Date of Award


Document Type


Degree Name

Doctor of Pharmaceutical Sciences


Pharmaceutical Sciences

First Advisor

Rahul Haware

Committee Chair and Members

Rahul Haware, Chair

Kenneth Morris

Katherine Chu

David Taft

Qing Cai


Dissolution, Fiber-optic dissolution, Multivariate analysis, Partial least square regression, Principal component regression, UV-visible spectroscopy


The advancement and automation in analytical techniques is a current thrust of the pharmaceutical industry. It has been over 30 years since unconventional semi or fully automatic methods have begun to be developed to achieve the measurement in-situ in the dissolution test apparatus. The current study focuses on the fiber optic dissolution system (FODS), its challenges, and solutions to the challenges. The inaccuracy in dissolution profile predictions due to some limitations associated with the FODS makes it difficult to adopt this advanced automated technology for various purposes. The traditional dissolution methods are still widely used even though they are time-consuming and have other major drawbacks. The reason preventing wider adoption may be the perceived challenges in the method's reliability which is largely due to the lack of availability of proper guidelines and protocols to validate the analytical methods.

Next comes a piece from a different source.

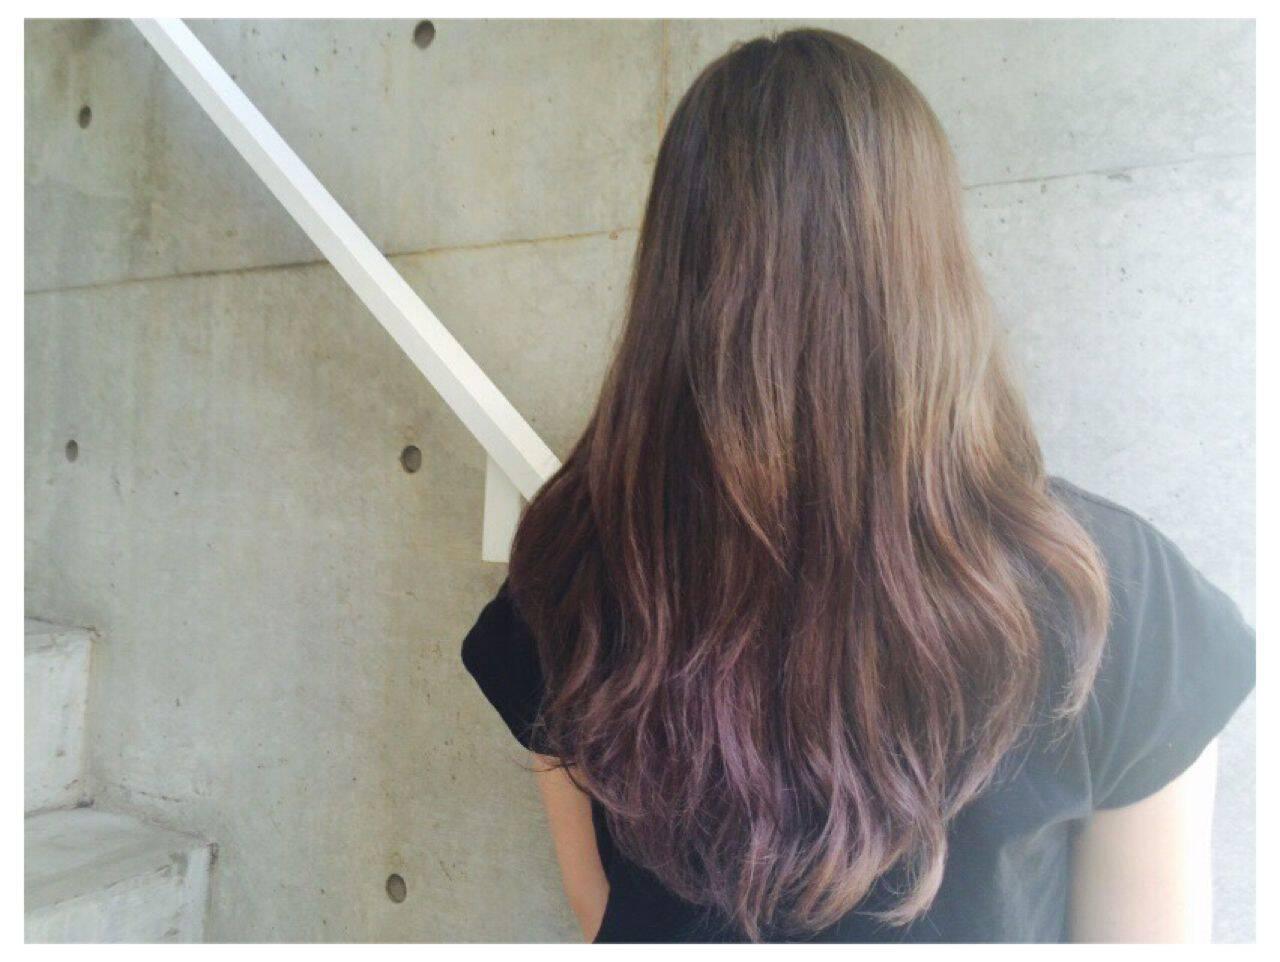 ラベンダーアッシュ ストリート グラデーションカラー ロングヘアスタイルや髪型の写真・画像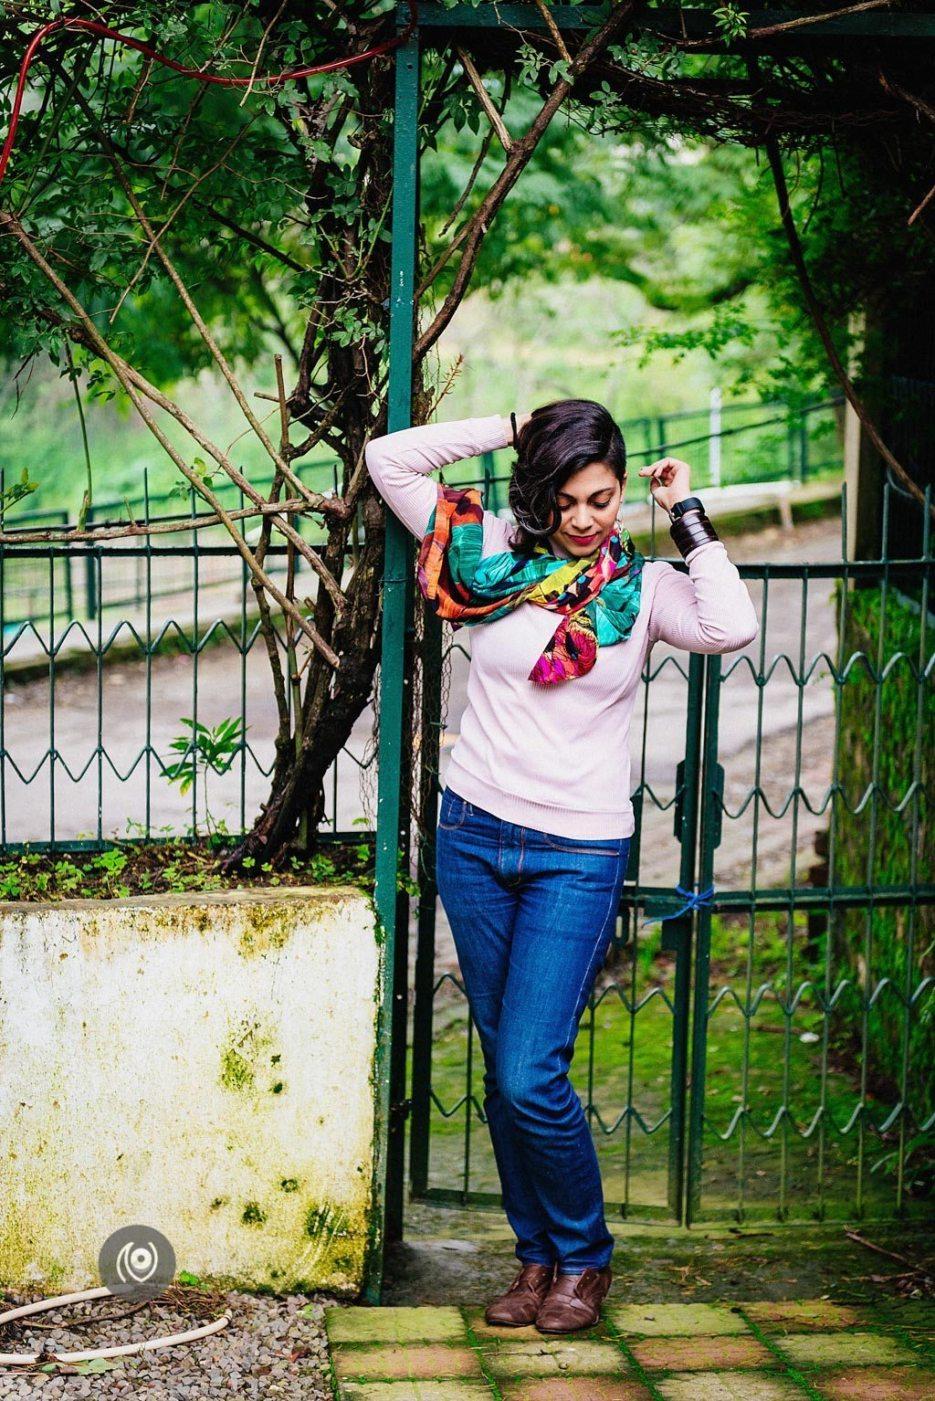 #CoverUp 49 Kasauli Club, Back to the Sixties, #REDHUxKASAULI #EyesForDestinations, Naina.co Luxury & Lifestyle Photographer, Blogger Storyteller

A successful validation scheme/protocol was developed for the dissolution testing using the FODS for CPM IR tablets. The protocol can be easily applicable to the other drug products compatible with the FODS analysis. The possible challenges associated with the FODS were identified during this study, and potential solutions were discussed thoroughly with individual examples. The overall scheme and illustration of the solution to the common problems related to the FODS could be very beneficial in building confidence to adopt the FODS widely in various applications of dissolution testing.

The problem of inaccurate dissolution profile predictions due to UV signal saturation associated with high dose formulations did not resolve by simple solutions explained in troubleshooting. Another challenge with FODS was its limitation to resolve strong overlapping UV signals during dissolution testing of multiple component drug products. A further in-depth study was required to develop an enduring solution that can be applied to other compounds showing similar issues with the FODS. Therefore, In the present work, an approach combining appropriate multivariate calibration methods with the UV spectral information from FODS was established to resolve the challenges associated with FODS, ultimately to predict accurate dissolution profiles. The PCR and PLS multivariate calibration models were developed with the calibration set consisting of full UV spectra and validated with the external data set. For the challenges associated to the UV signal saturation, the selection of different spectral regions and incorporation of quadratic terms were also explored. The conventional dissolution testing followed by HPLC analysis was used as a reference method to evaluate computed multivariate models' accuracy with the 'built-in' Opt-Diss model.

The proposed approach showed promising results and was comparable to traditional dissolution method. The method was able to accurately predict dissolution profiles of model drug products resolving the challenges associated with FODS. Further, both PCR and PLS models showed statistically equivalent results despite their fundamental differences in the basic principles and methodologies.

The approach developed in this thesis enables the use of FODS for the dissolution testing of drug products posing challenges due to UV signal saturation and band overlap, as an improved alternative to the commonly preferred method of HPLC analysis. The method is quick, simple, and economical in the long run compared to traditional dissolution followed by HPLC analysis with its many associated source of error. Thus, the approach presented is a significant step forward toward the advancement in the automation of dissolution testing of pharmaceutical drug products.